In the modern era of wireless communications, radios are becoming increasingly more cognitive. As the complexity and robustness of friendly communications increases, so do the abilities of adversarial jammers. The potential uses and threats of these jammers directly pertain to fourth generation (4G) communication standards, as well as future standards employing similar physical layer technologies.
This paper investigates a number of threats to the technologies utilized by 4G and future systems, as well as potential improvements to the security and robustness of these communications systems. The work undertaken highlights potential attacks at both the physical layer and the multiple access control (MAC) layer along with improvements to the technologies which they target.
This work presents a series of intelligent, targeted jamming attacks against the orthogonal frequency division multiplexing (OFDM) synchronization process to demonstrate some security flaws in existing 4G technology, as well as to highlight some of the potential tools of a cognitive electronic warfare attack device.
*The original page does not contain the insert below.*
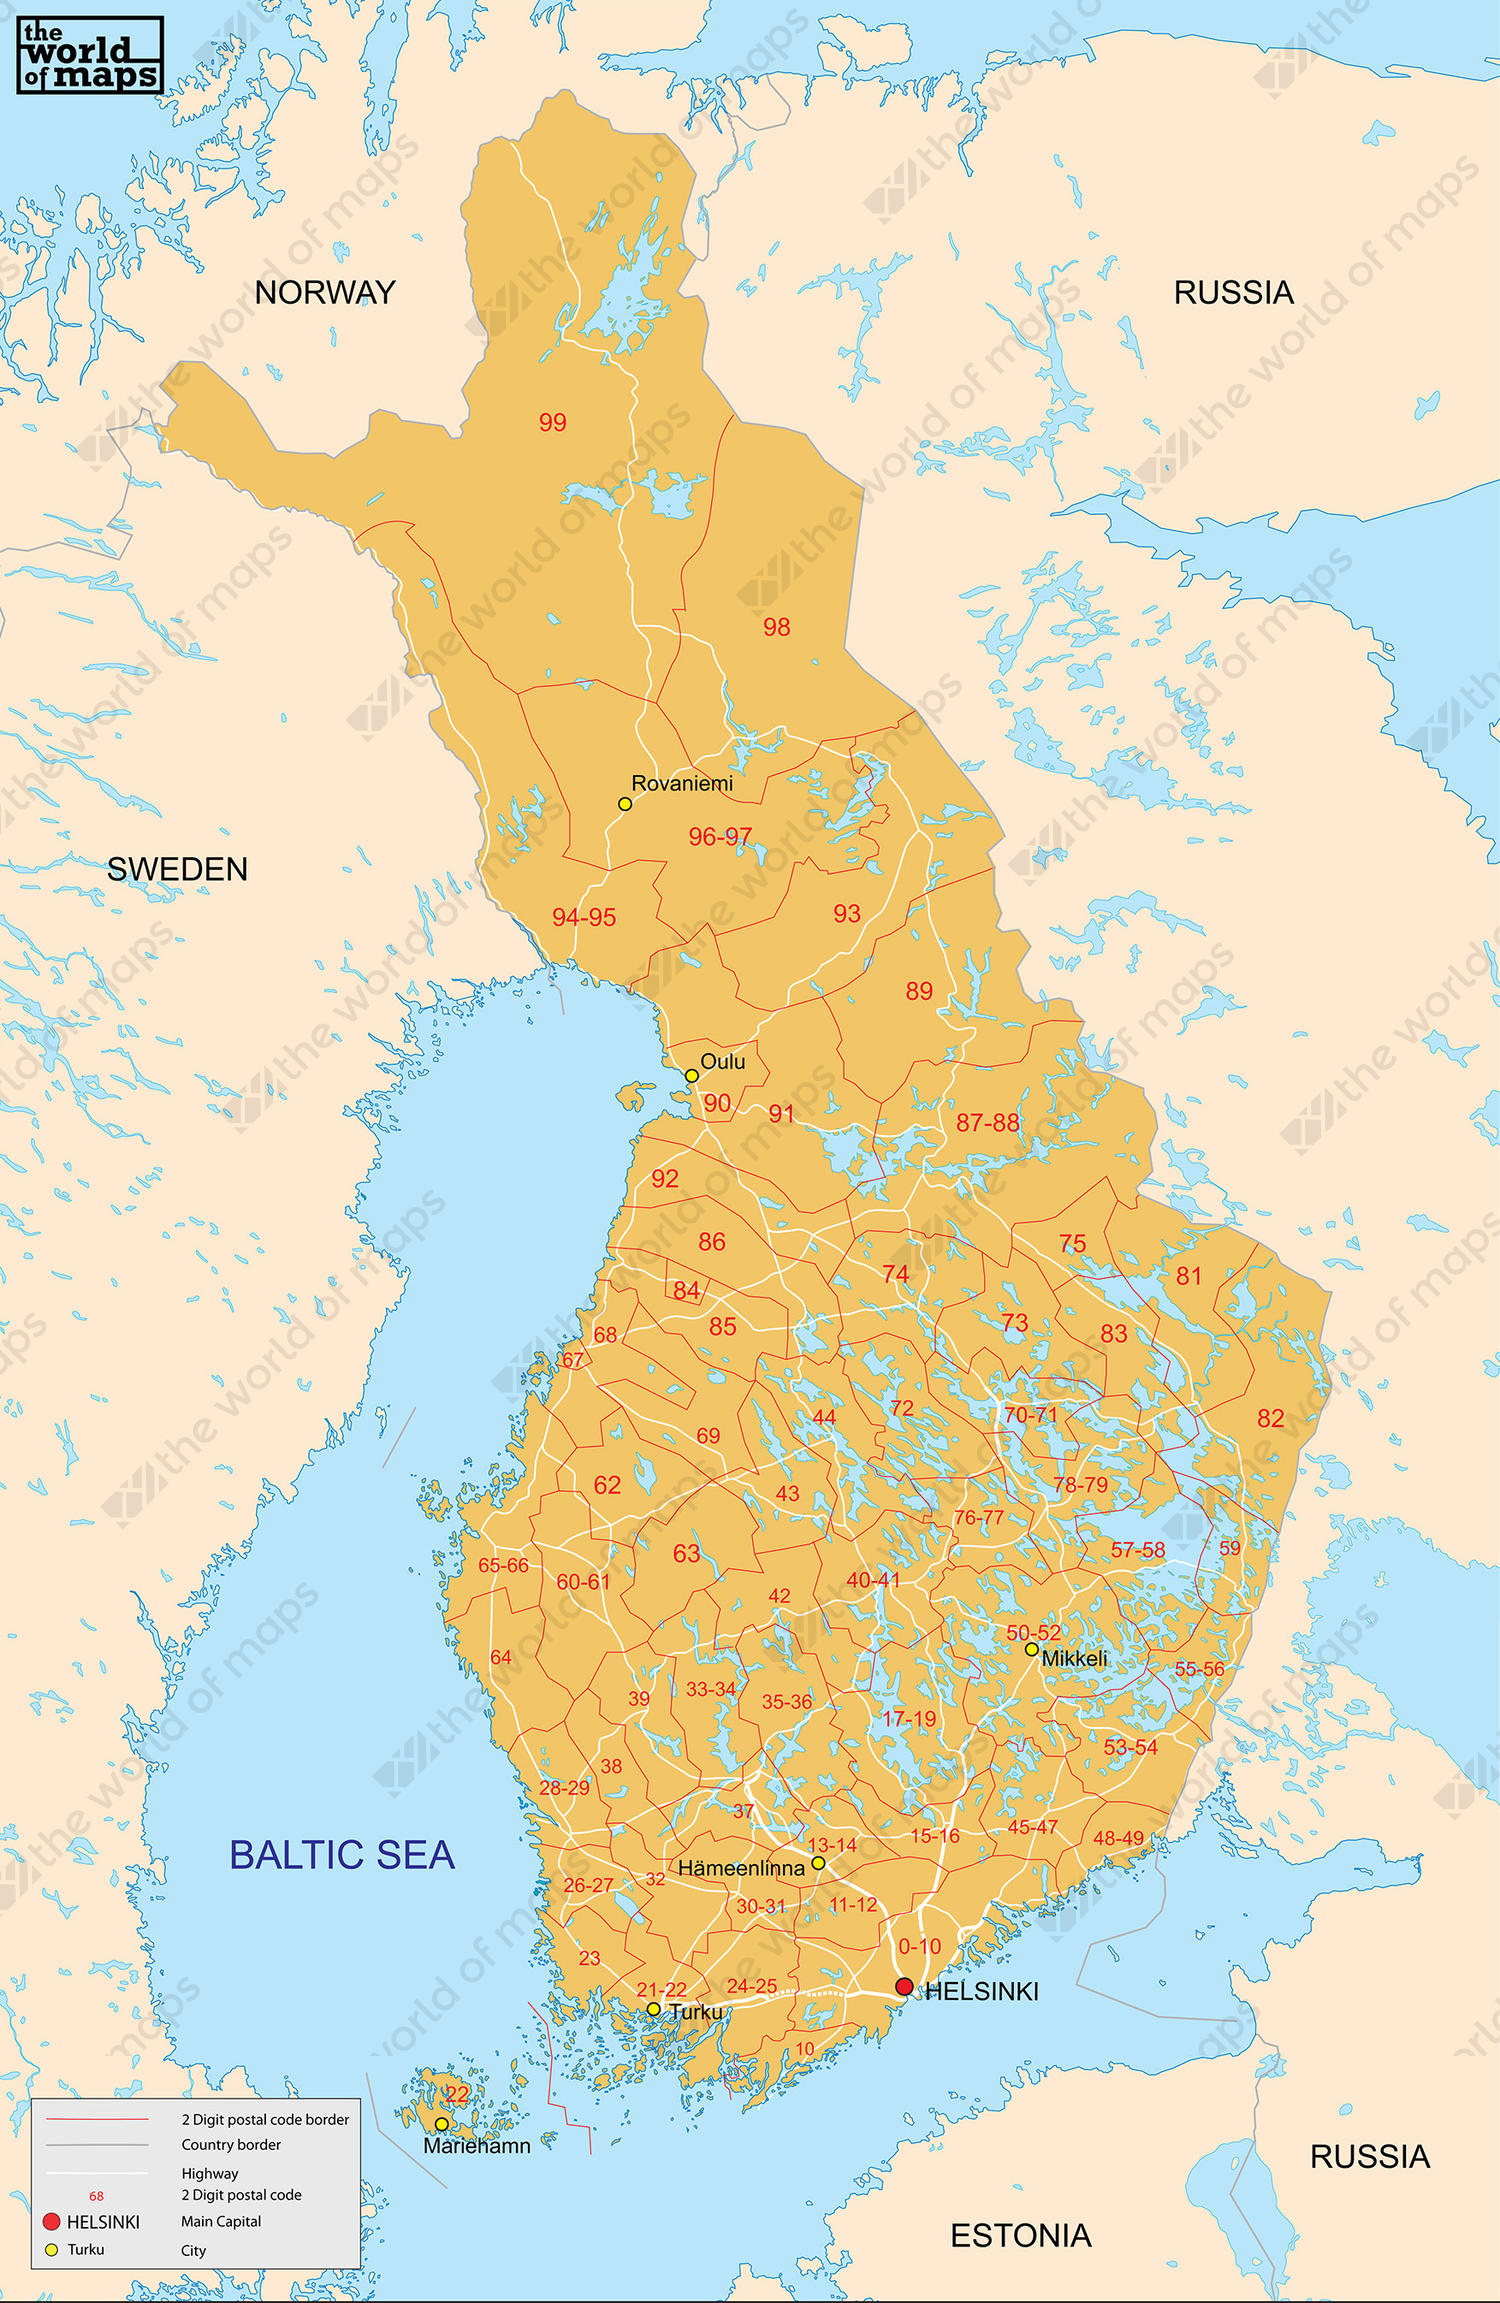 Digital postcode map finland 2 digit 79 the world of maps digital postcode map finland 2 digit gumiabroncs Images

Performance analysis of the OFDM synchronization process are demonstrated in the presence of the efficient attacks, where in many cases complete denial of service is induced.
A method for cross ambiguity function (CAF) based OFDM synchronization is presented as a security and mitigation tactic for 4G devices in the context of cognitive warfare scenarios. The method is shown to maintain comparable performance to other correlation based synchronization estimators while offering the benefit of a disguised preamble. Sync-amble randomization is also discussed as a combinatory strategy with CAF based OFDM synchronization to prevent cognitive jammers for tracking and targeting OFDM synchronization.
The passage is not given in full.